RASULULLAH DÖNEMİNDE MEDİNE ve YAHUDİLER
- Rasulullah döneminde müslümanların yahudilerle olan ilişkileri -
Berat BEŞİR A- YAHUDİLERİN KISA TARİHÇESİ
“Tamamen akrabalık bağları ve temeli üzerine oturması itibariyle Yahudi zümresi, bugün yeryüzünde mevcut milletler arasında en eskilerden birini teşkil eder.”(1) “Yahudilerin atası, İsrael lakabıyla anılan Yakub Peygamber’dir ve kendisi İbrahim Peygamber’in torunudur.”(2) “İbrahim Peygamber’in kabri olarak Filistin’deki Halil şehrinde mevcut bir kabir gösterilmektedir.”(3)
Kur’an-ı Kerim’in 12. Suresinde anlatıldığı üzere; Hz. Yakub’un oğulları arasında çıkan bir kıskançlık, ailenin Mısır’a göç etmesinde rol oynamıştır.(4) Bir zamanlar Yusuf (a.s.)’ın da içinde yaşadığı Mısır’da kısa zaman sonra Suriye asıllı Hiksos Hanedanının yerini Mısır’lı Firavunlar Hanedanı almıştır. Bu değişikliğin tabi bir sonucu olarak dünün gözdeleri ertesi günün mağdurları ve zulüm görenleri haline gelmişlerdir. M.Ö. 1260 yılında Mısır Hükümdarı II. Ramses zamanında Yahudiler Mısır’dan çıkarılmışlardır.(5) Kur’an-ı Kerim’de belirtildiğine göre (20/77-78) I. Siti’nin oğlu olan Ramses İsrail Oğulları için pek şiddetli davranmıştır(...) İsrail Oğulları Hz. Musa ve Hz. Harun’un idaresi altında kitle halinde Mısır’ı terketme kararı aldılar(...) Kur’an-ı Kerim’in ifadesine göre(5/23-29) Musa Peygamber halkı ile birlikte yerleşmek üzere Filistin yolunu tuttu ise de Yahudiler, bu ülkede oturmakta olan Araplardan korkup başkan mevkiindeki Musa Peygamber’i dinlemeyi reddettiler.(6) “Bu reddedişin bir ilk cezası olarak 40 yıl boyunca çölde kalmaya mecbur oldular.

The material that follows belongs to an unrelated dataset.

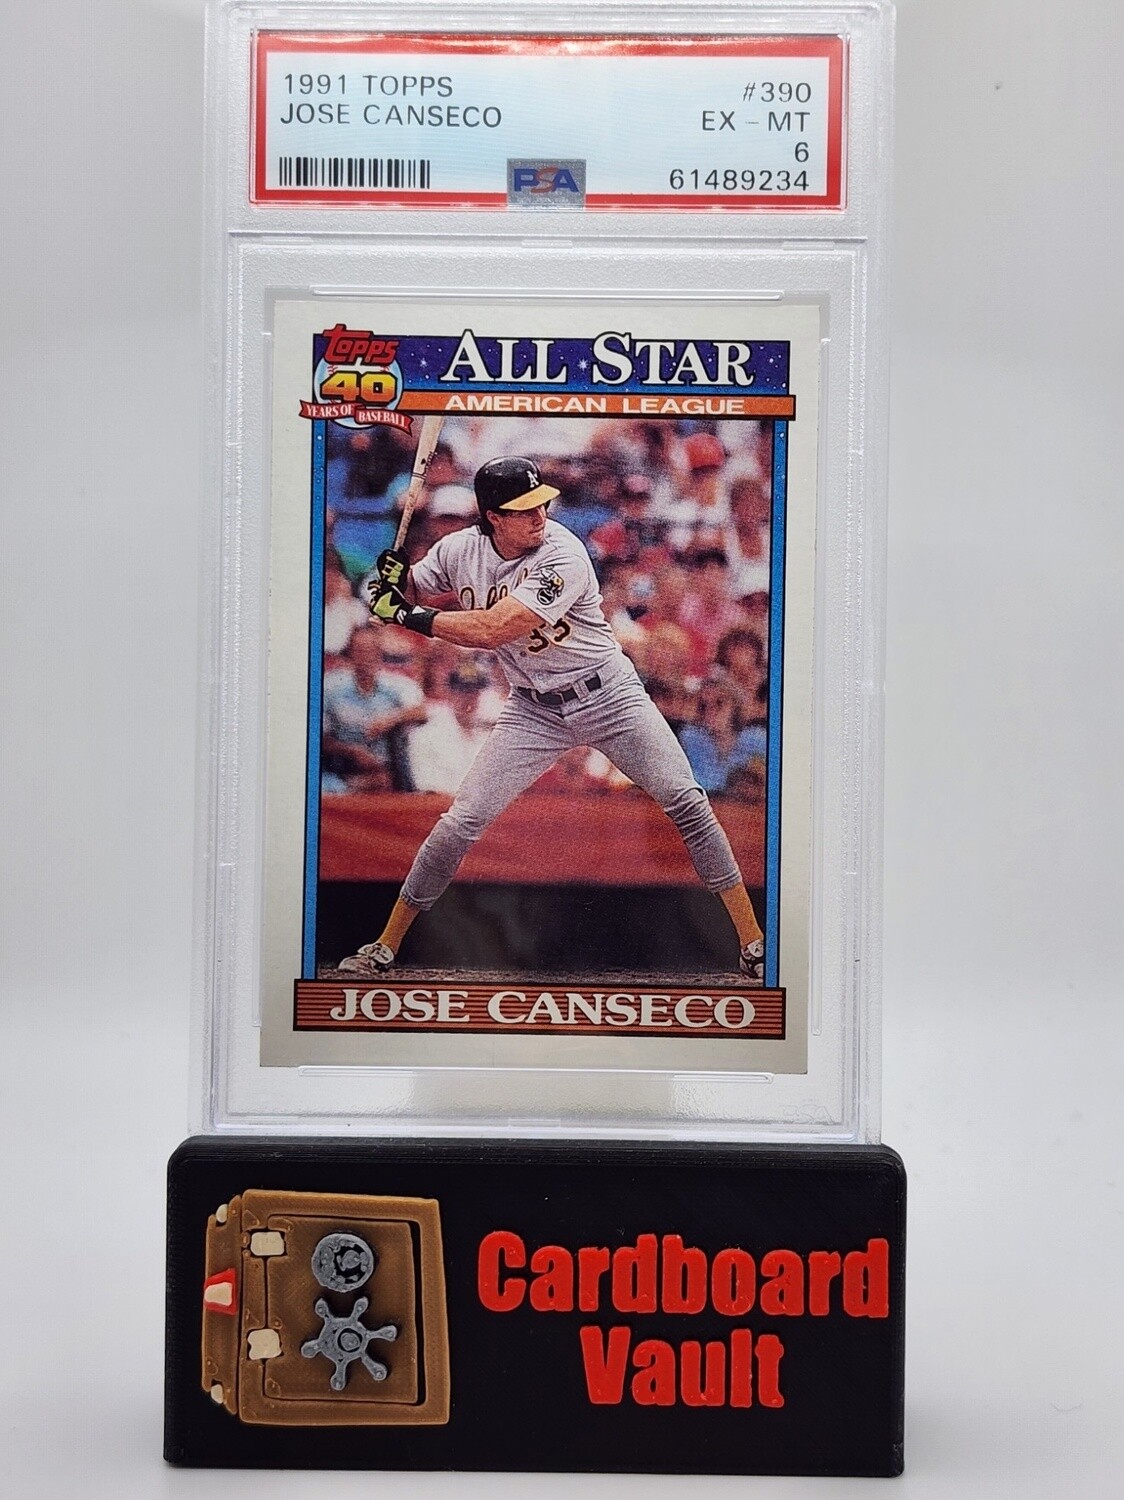 1991 Topps Jose Canseco #390 PSA 6

Bu zaman zarfında Hz. Harun ve Hz. Musa vefat ettiler. Tevrat’ta zikri geçen kıssa (Samuel, 15/1-3) Kura’an-ı Kerim’de yer almamıştır. Tevrat’ta belirtildiği gibi şayet bu İsrail Oğulları, Filistin’de yaşayan Amalika’lı Arapları kadın-erkek, çocuk-bebek, öküz-keçi, deve-eşek hiç birbirinden ayırmaksızın kılıçtan geçirip, dışardan gelen bu yabancılar istilasına karşı sırf vatanlarını savundukları için onları yok etmişlerse; zulme uğramış bu mağdur insanların bir gün gelip, bu yolda kurban edilen uluslarının intikamını almak isteyecekleri muhakkaktır.”(7)
Yahudiler, Sion’dan defalarca çıkarılıp atılmalarından sonra küçük veya büyük insan bölükleri halinde yeryüzünün muhtelif bölgelerine dağılıp gitmişlerdir; gittikleri yerler arasında Arabistan da vardır.(8)
B- ARAP YARIMADASI YAHUDİLERİ
İslamdan Önce
“İslamın ortaya çıktığı senelerde Arap Yarımadası’nın dört bir köşesinde Yahudileri görüyoruz. Bunlar, ferdi olduğu kadar küçük camialar halinde ve mütesanid, sağlam insan toplulukları halinde Akaba Körfezi’ndeki Eyle limanından Yemen ve Uman’ın en ücra köşelerine kadar, Medine’den Bahreyn’e kadar uzanan bölgeler üzerine yayılmış vaziyetteydiler.
Mekke’de ise hemen hemen hiç Yahudi yoktu denebilir; fakat bu bölgede her yıl toplanan fuarlarda, Yahudileri, istikbali okuyan kahinler olarak pek bol paralar kazanan insanlar olarak görmekteyiz. Bunlar “Ehli Kitap” bir ulus olarak, okuma-yazmadan nasibini alamamış ve gönlü saf Bedeviler üzerinde özel bir nüfuz ve itibar kazanmış durumdaydılar.(9)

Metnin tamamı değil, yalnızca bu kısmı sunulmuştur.